In brewing grape wine process, environmental factor on impact very large, different temperature, humidity, the grape being brewedTaste, the mouthfeel of wine all can vary, and therefore numerous producers are also relatively strict to the control of environment temperature in brewing process, makeControl with corresponding auxiliary facility, the consequence causing is like this exactly that cost compare is high, but also can add various addingAdd agent and enter, human body is had to inestimable injury.
[summary of the invention]
In view of above problem, the invention provides a kind of husky brewing method that buries vinous, it is high that the method has solved cost effectivelyProblem, and additive-free, drink rear harmless place.
For achieving the above object, the present invention adopts following technical scheme:
A kind of husky brewing method that buries vinous, comprises the following steps:
1) clean air-dry: grape and salt, clear water are carried out to manual cleaning according to the mass ratio of 1~1.2:0.5~0.8:5~62~3 times, to remove material harmful in Grape Skin, then the grape after cleaning is put into and on bamboo dustpan, carries out natural windDry, avoid contacting oil gas;
2) destemming fragmentation: by step 1) clean grape after air-dry and be put in destemming disintegrating machine and carry out destemming fragmentation, obtain grapeGravy liquid;
3) lay husky pond: lay rectangle pond at indoor brick, the length, width and height in the husky pond of rectangle be respectively 2.5~3m, 1.5~1.8m, 1~1.2m insert fine sand in the husky pond of rectangle, and the modulus of fineness of fine sand is 1.5~2.0, and the sand of this modulus of fineness hasAfter helping pour water, husky pond internal penetration is even, ensures that as far as possible husky pond humidity and temperature is everywhere consistent, when the excess Temperature in husky pondTime, toward evenly pouring water of husky pond, give the cooling of husky pond; In the time that temperature is too low, toward husky pond blowing hot-air, allow husky pond heat up; Work as humidityWhen too high, give the dehumidifying of husky pond with dehumidifier; In the time that humidity is too low, toward evenly pouring water of husky pond, give husky pond humidification;
4) bury husky dress cylinder: in step 3) the even landfill pottery of level wine vat in the husky pond of rectangle of laying, ceramic wine vat is between twoBetween horizontal range be 15~20cm, the volume of ceramic wine vat is 80~100L, wine vat is by certain distance landfill of arranging,Can avoid influencing each other between wine vat; While burying sand, it is highly vertically 10~15cm that the cylinder mouth of ceramic wine vat exposes Shamian Island, with sideJust wine is stirred and gets in fermentation;
5) one time fermentation: pack step 2 in ceramic wine vat) gained grape gravy liquid, the loadings of grape gravy liquid accounts for pottery70~80% of wine vat volume, and add pectase, the mass ratio of grape gravy liquid and pectase is 5000~6000:1~1.5,Pottery wine vat open-ended when one time fermentation, because can produce the gases such as a large amount of carbon dioxide in one time fermentation process, open-ended justOutside these gases are discharged wine vat, also facilitate one time fermentation to stir; Carried out one time uniform stirring every 2~3 days, stirring duration is2~3min, one time fermentation duration is 40~45 days, and in this process the temperature and humidity in the husky pond of rectangle be controlled at 20~22 DEG C,50~60%;
6) secondary fermentation: the residue after one time fermentation is pulled out, then carried out sterile sealing, avoid residue and external environment shadowRing purity and the mouthfeel of wine; Liquid in cylinder is carried out to secondary fermentation, and fermentation duration is 15~20 days, and rectangle in this processThe temperature and humidity of Sha Chi is controlled at 20~22 DEG C, 50~60%;
7) get wine: after secondary fermentation completes, use the siphon pipe sucking-off wine liquid after sterilization, bottling obtains grape wine.

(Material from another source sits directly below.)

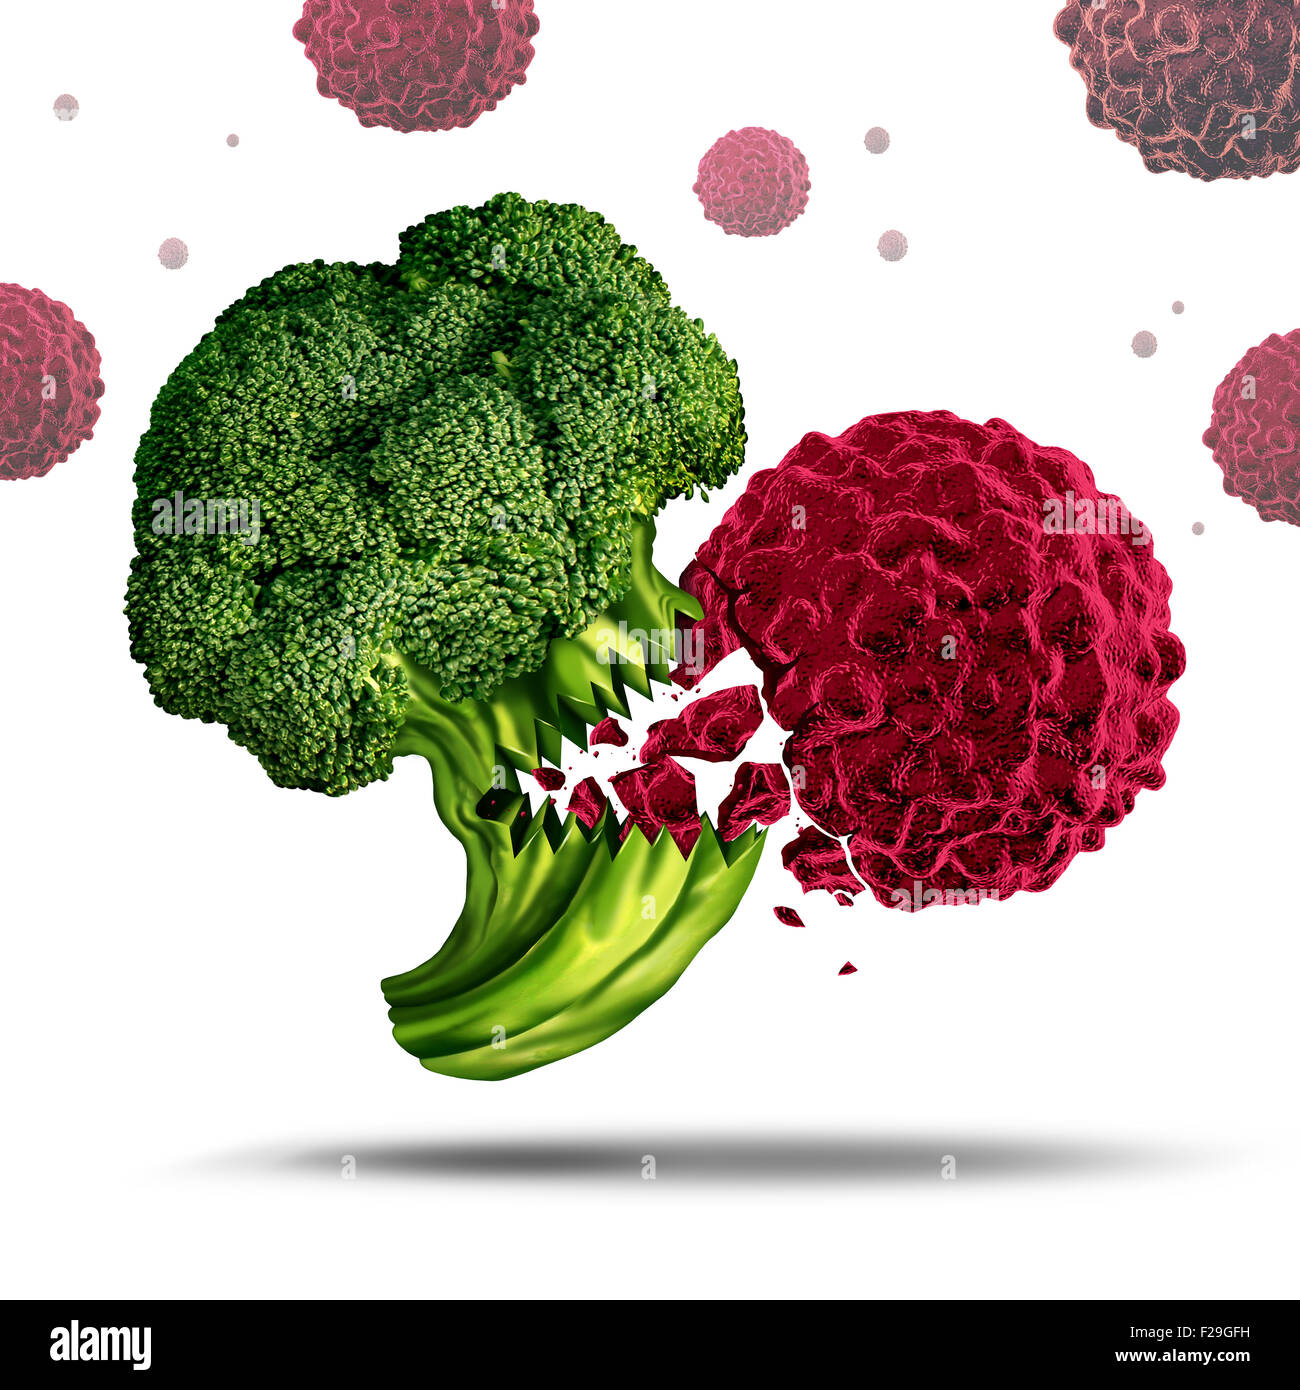 Super concetto o super simbolo di cibo come un carattere di broccoli mangiare una cellula di cancro per prevenire la malattia come un nutriente vegetale ricco di benefici per la salute umana e di vivere uno stile di vita sano da mangiare nutriente pasti medicinali. Foto Stock

Further, in step 2) in, broken together with grape with cold water at destemming crusher feed-inlet place, cold water andThe mass ratio of grape is 1~1.2:16~20, and the temperature of cold water will be lower than 25 DEG C. This is conducive to internal washing and stalk is brokenThe charging of machine is smooth and easy, and can allow pulp can not be beaten very brokenly, has retained the nutritional labeling of pulp, has improved production efficiencyAnd the quality of production.
Further, in step 5) in, sterile sealing is to be undertaken by the lotus leaves after 250~300 DEG C of high-temperature sterilization 3~5minInternal layer sealing, then carries out middle level sealing with the thick moistureproof paper of 0.5~1mm, finally carries out outermost sealing with yellow mud bar. LotusThe numerous micron-sized wax mastoid process structure of surface attachment of floral leaf, the dual structure that these are small, makes lotus leaves surface and the globuleThe contact area of youngster or dust is very limited, and therefore lotus leaves can completely cut off the globule in extraneous air composition or various thin substantiallyThe impact of speck confrontation wine vat internal environment, and moistureproof paper possesses certain moistureproof ability by wine vat sealing, seals outermost HuangMud viscosity is very high, and water content is relatively moderate, can reinforce sealing on the one hand, can further strengthen wine vat on the one hand in additionSealing.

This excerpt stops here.